My take on this is that the quote early in the article about professors whining "'the kids don't read' is as old as colleges" is correct. I had a seminar course as an undergaduate at Rutgers in the 1970s with an old guy, already in his early 70s, who said it every week. In those days of the mid to late 1970s, at Rutgers, most students I observed, including majors in Political Science or History, the two disciplines in which I majored, didn't read most of the books they were assigned. I hated the classes where the profs tried to lead discussions of the chapters or book students were supposed to have read because it was clear to me most of the class had not. They showed up to simply want the prof to spoon-feed them what the prof thought was important. I stopped attending many of those classes, or would leave before halftime of the class.

I admit that was not a good strategy to get As. Often, I would get Bs more than As, as, come test time, I would have a slightly different take on a reading. It was my view then that too many of my Rutgers professors were themselves fairly shallow and unable to transcend their own perspectives. However, if there was an extra credit question that was based on a footnote in the book at page 172, I would likely be the only one (or maybe one of two) to get the answer correct. I will also say I did best with the profs, like the great Cold War revisionist/US Foreign Policy History professor, Lloyd Gardner (still alive in his 90s last I checked!), who didn't do discussions. They simply assigned the eight to ten books you had to read and you were expected to read and understand. He would say, Come to office hours if a reading is too hard. In class, he lectured with supplemental information not in the books. It was one of the only times I ever took notes. I received As in each of the three classes I took from him. Yet, most History majors thought his classes were a terror. I would bet most of my fellow History majors who became teachers or profs are, to this day, probably not very bright--unless they grew up and realized you gotta read and think critically. :)

Even while I am in grad school at UNM, I continue to hear from people who attended grad school elsewhere, are currently in grad school, and even professors, that it is foolish and too much to read entire books. In my classes, there is, admittedly, A LOT of reading. For each class, most of the time, we have to read each week an entire academic book of two to three hundred pages PLUS write a paper on the book for submission before class--and then be ready to discuss in the class.

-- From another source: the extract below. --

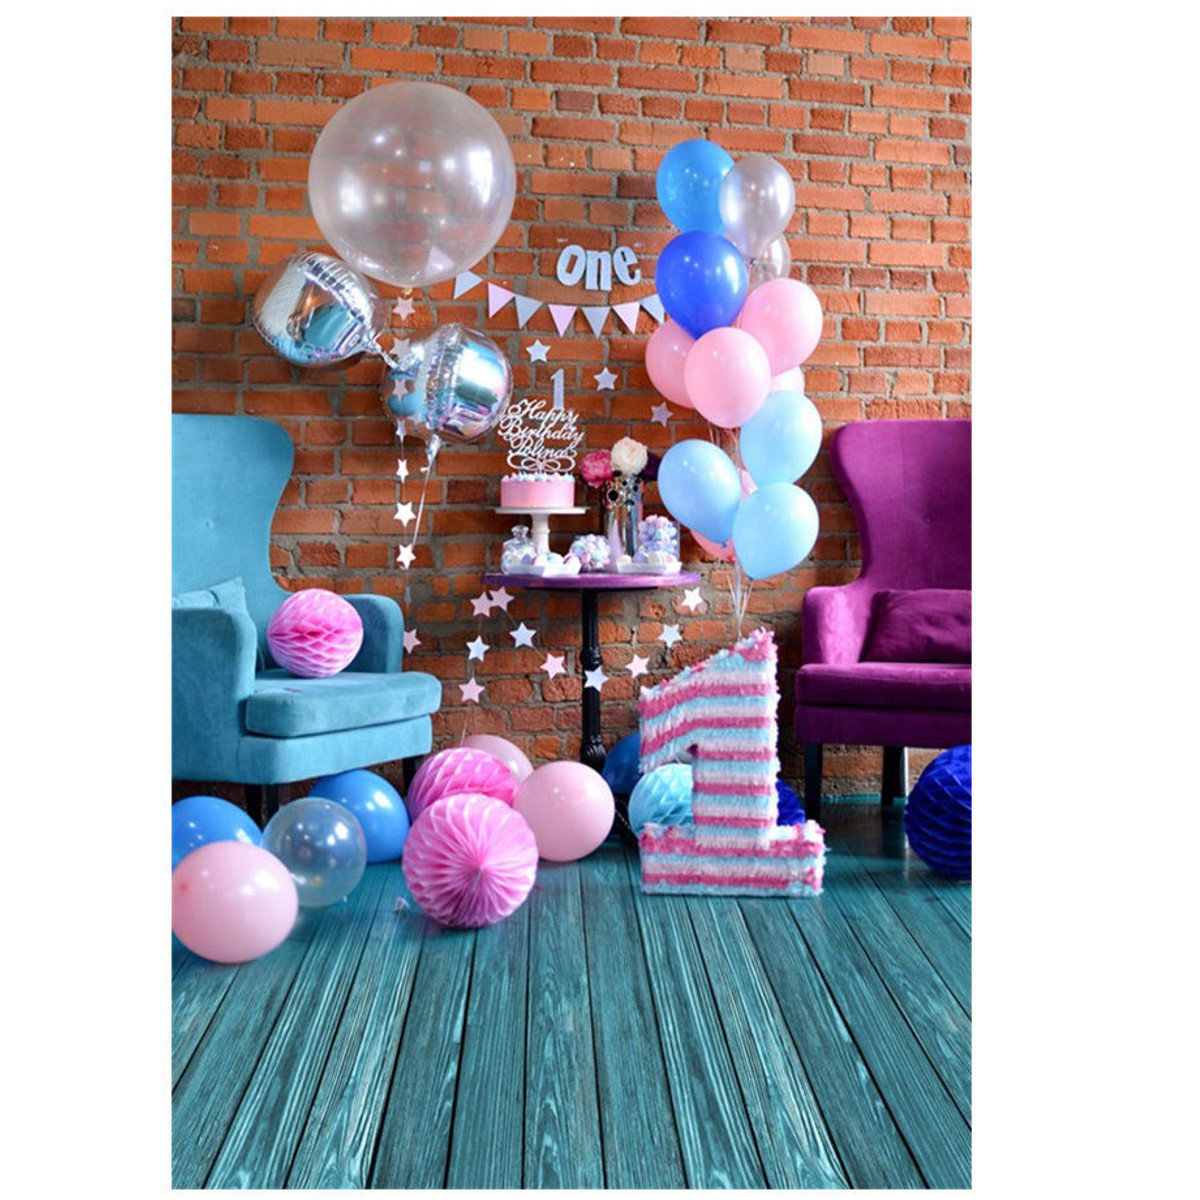 5x7ftSweet Birthday Scene Baby Photography Backgrounds Vinyl Photo Backdrops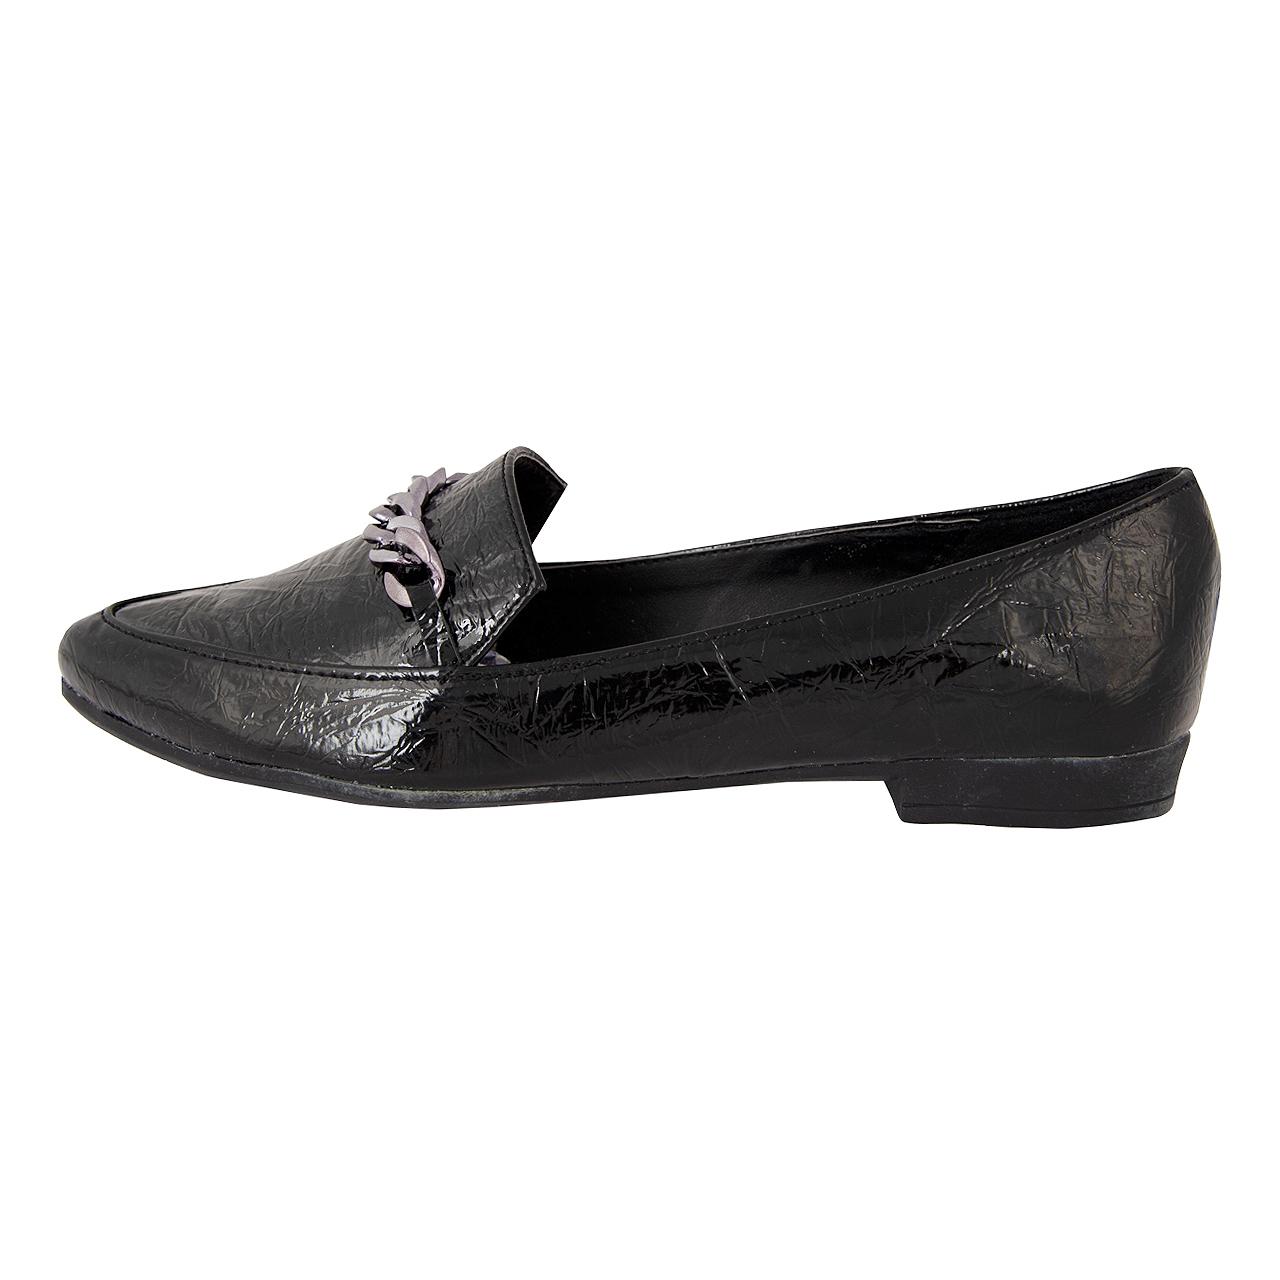 تصویر کفش زنانه کد 159010102

I realize The Atlantic is talking about undergrads, but I must say this: In my grad school classes, the quality of the discussions is actually better than I ever saw at Rutgers in the 1970s. I must also add I do have a two-level course this semester, meaning graduate and undergraduate students in the same class. My observation of the undergrads is there remains largely the same Bell Curve of who has read or not read the assigned readings as I saw as an undergraduate at Rutgers in the 1970s--maybe slightly better now.

The idea that today's young people are somehow deficient, when I see so many, many racist, xenophobic, transphobic, uninformed, ignorant assholes and idiots in my age level, tells me maybe this take from The Atlantic may not be correct. Really. Let's run through my ranting drill about my generation: Most Boomers are the reason the planet's oceans are starting to fry. Most Boomers happily accept being herded into the political duopoly. Most Boomers hated Bernie and would rather see fascism than somehow their taxes go up to help their children's or grandchildren's generation. Most Boomers learned long ago to support the US military-industrial complex mass murders, especially when perpetrated by the US' favorite client-state, Israel--and too many think criticizing Israel as an apartheid ethno-nationalist state is antisemitic. But, sure. The young people don't know how to read a book. Sure. For me, I start with the proposition of "Give the kids a break." And maybe hear the kids out for once. And if some of the best and brightest get angry and impatient at the challenges our society and planet face, instead of thinking they are too naive or need to grow up, apologize and ask them, "What can we do to make this better, even if it costs me more of my money?"